Я сказал, все убеждены, что это он заложил Гонзу. Он возражал, едва не плача; говорил, что ни о чем не знал и вообще никогда бы никого не закладывал. "Почему ты утверждаешь, что никогда бы не закладывал? - спросил я. - Тебя считают союзником командира. Из этого логически вытекает, что ты и заложить можешь". - "Нет, я не союзник командира! Командир саботажник!" крикнул он, и голос у него сорвался. А потом он изложил мне свою точку зрения, к которой пришел, сидя на "губе" и имея там возможность подолгу размышлять в уединении: части "черных" солдат партия создала для людей, которым до поры до времени не может доверить оружие, но которых хочет перевоспитать. Классовый враг, однако, не дремлет и во что бы то ни стало намерен помешать процессу перевоспитания; он стремится к тому, чтобы в "черных" солдатах постоянно разжигалась яростная ненависть к коммунизму и они были бы резервом контрреволюции. И что мальчик-командир своим обращением с солдатами пробуждает в них ярость - это тоже, дескать, одно из звеньев вражеского заговора. Трудно даже себе представить, сказал он, куда только не пролезли враги партии. Командир - наверняка вражеский агент. И еще добавил, что, осознавая свой долг, написал о деятельности командира подробный отчет. Я удивился: "Что? Что ты написал? И куда ты это послал?" Он ответил, что жалобу на командира направил в партийную инстанцию.

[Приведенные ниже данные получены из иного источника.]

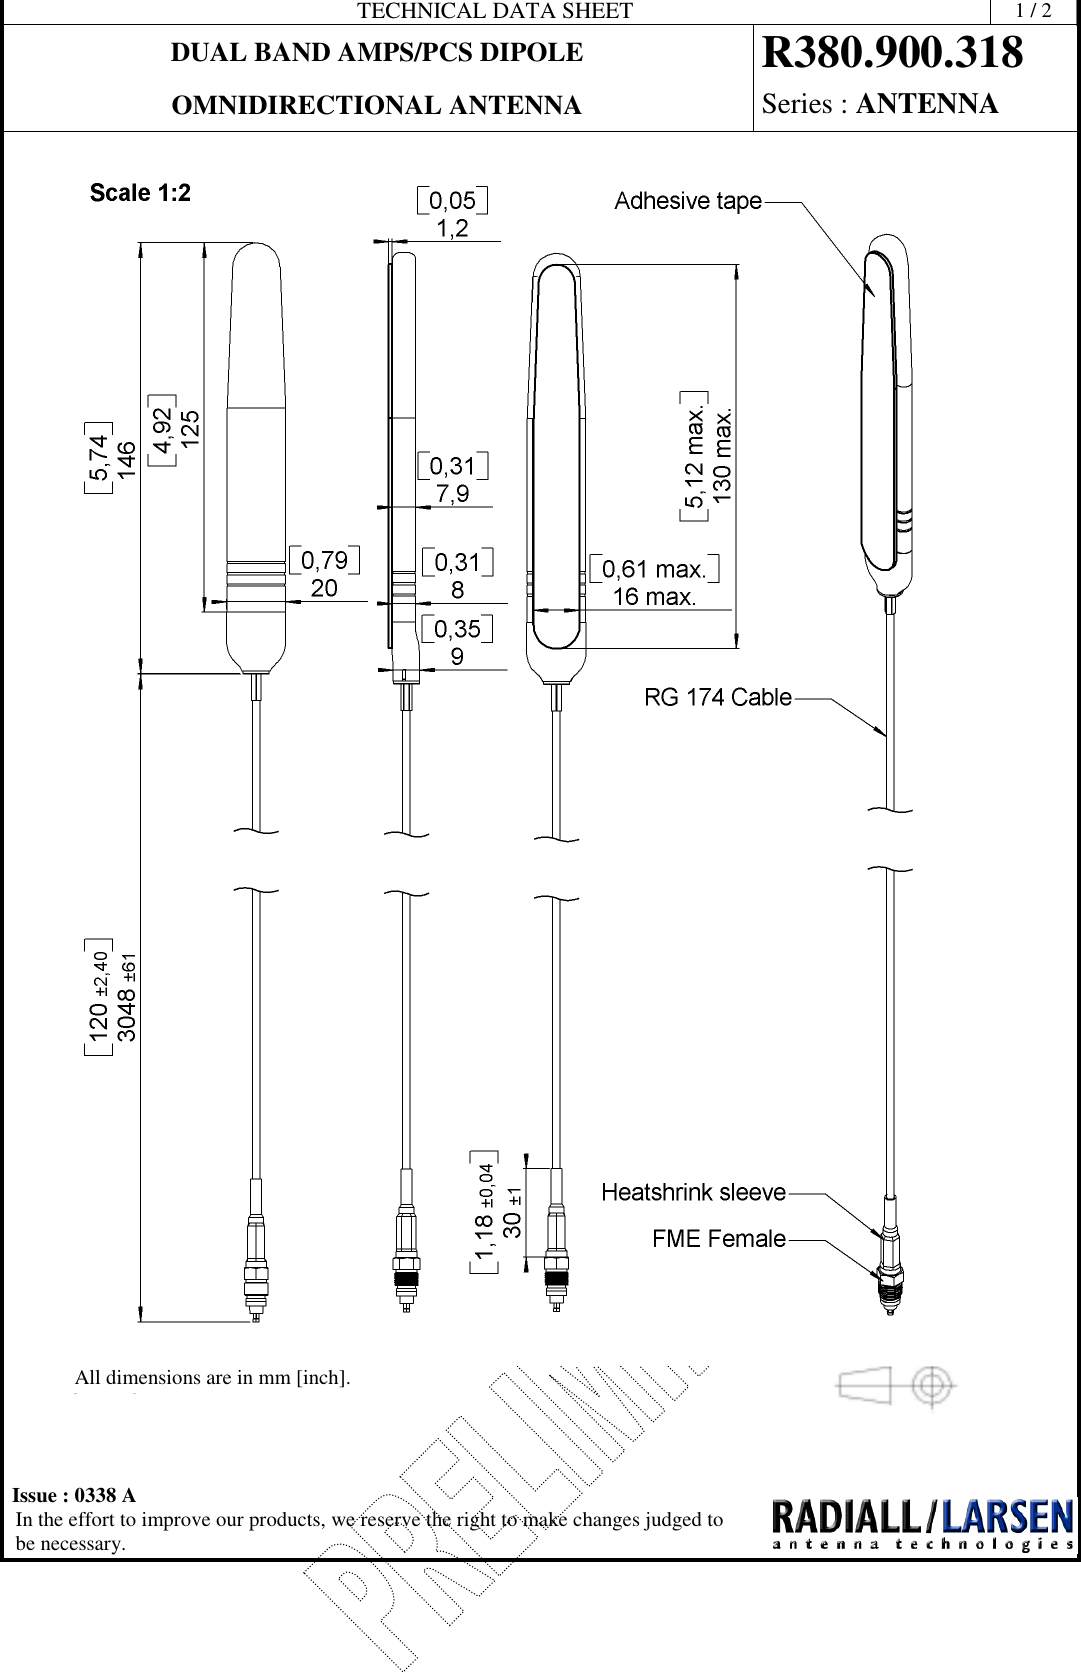 TECHNICAL DATA SHEET 1/2DUAL BAND AMPS/PCS DIPOLE R380.900.318OMNIDIRECTIONAL ANTENNA Series : ANTENNAIssue : 0338 AIn the effort to improve our products, we reserve the right to make changes judged tobe necessary.All dimensions are in mm [inch]...po ao

Вышли мы из барака вместе. Он спросил, не боюсь ли я показываться в его обществе народу. Я сказал ему, что он болван, коли задает такой вопрос, и болван вдвойне, коли думает, что его письмо дойдет до адресата. Он ответил, что он коммунист и при всех обстоятельствах должен поступать так, чтобы не было потом мучительно стыдно. И снова он напомнил мне, что я тоже коммунист (пусть и исключенный из партии) и что должен был бы вести себя иначе, чем веду себя: "Мы как коммунисты ответственны за все, что здесь происходит". Мне стало смешно; я сказал ему, что ответственность немыслима без свободы. Он же ответил, что чувствует себя достаточно свободным для того, чтобы поступать как коммунист; он должен доказать, и он докажет, что он коммунист. Когда Алексей произносил это, у него дрожал подбородок; еще сегодня, спустя годы, вспоминаю эту минуту и осознаю гораздо яснее, чем тогда, что Алексею было немногим больше двадцати, что это был всего лишь мальчик, юноша и его судьба болталась на нем, как костюм богатыря на коротышке.
Помню, вскоре после моего разговора с Алексеем Ченек спросил меня, зачем я, дескать, разговариваю с этой крысой. Я ответил ему, что Алексей идиот, но вовсе не крыса, и добавил, что Алексей сообщил мне о своей жалобе на командира. На Ченека это не произвело ровно никакого впечатления. "Что он идиот - не уверен, - сказал он, - но что крыса - знаю наверняка. Кто может принародно откреститься от родного папани, тот крыса". Я не понял его; он удивился моему неведению; сам политрук показывал им старую, многомесячной давности газету, где напечатано было заявление Алексея: он-де отрекается от своего отца, который предал и оплевал самое святое на свете, что только есть у его сына.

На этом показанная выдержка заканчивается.